The data displays two important characteristics. First, there is a long-term upward trend, which indicates that CO2 levels have been steadily increasing over time. Second, there is a repeating seasonal pattern within each year, where CO2 levels rise and fall due to natural environmental processes such as plant growth and seasonal changes.
head(co2)
## Jan Feb Mar Apr May Jun
## 1959 315.42 316.31 316.50 317.56 318.13 318.00
summary(co2)
## Min. 1st Qu. Median Mean 3rd Qu. Max.
## 313.2 323.5 335.2 337.1 350.3 366.8
plot(co2,
main = "Atmospheric CO2 Concentration",
xlab = "Year",
ylab = "CO2 (ppm)")
The time series plot shows a clear and consistent increase in CO2 levels over the observed period. This upward movement indicates the presence of a strong long-term trend, suggesting that the data is influenced by persistent underlying factors rather than short-term random factors.

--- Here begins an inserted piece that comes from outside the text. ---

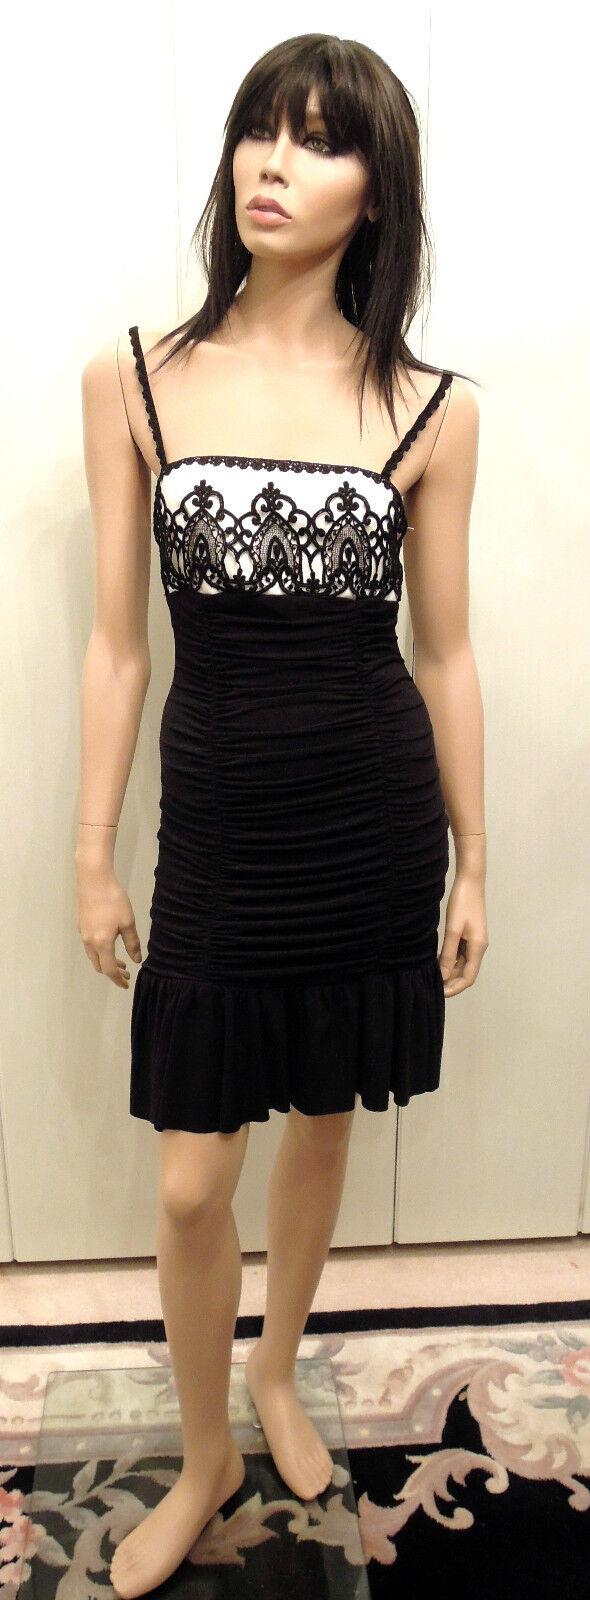 Abendkleid Gr. 34 schwarz weiß Spitze Raffungen betonen formen Figur auffallend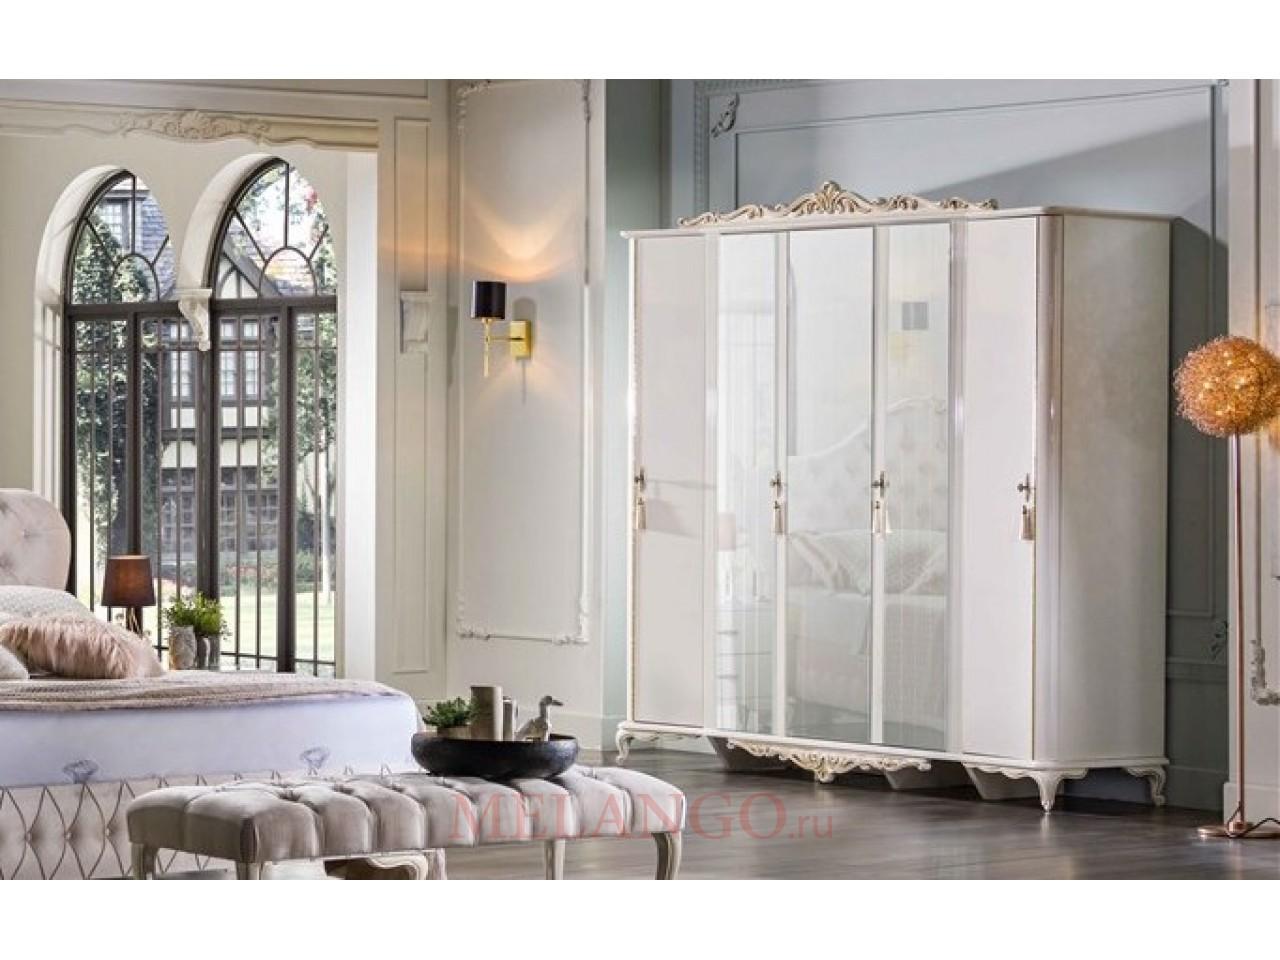 Пятистворчатый распашной шкаф для одежды и белья с зеркалом в спальню Мариана MARI-33

Alongside the long-term increase, the plot also reveals regular fluctuations within each year. These repeating patterns indicate the presence of seasonality, meaning that the series follows a structured and predictable cycle over time, which is helpful for building an effective forecasting model.
co2_dataframe_temp <- data.frame(
time = time(co2),
value = as.numeric(co2)
)
plot_ly(
co2_dataframe_temp,
x = ~time,
y = ~value,
type = "scatter",
mode = "lines"
)
The interactive chart enhances the analysis by allowing the data to be explored more closely. Users can zoom into specific time periods, making it easier to examine how the series behaves during different intervals and identify patterns that may not be immediately visible in a static plot.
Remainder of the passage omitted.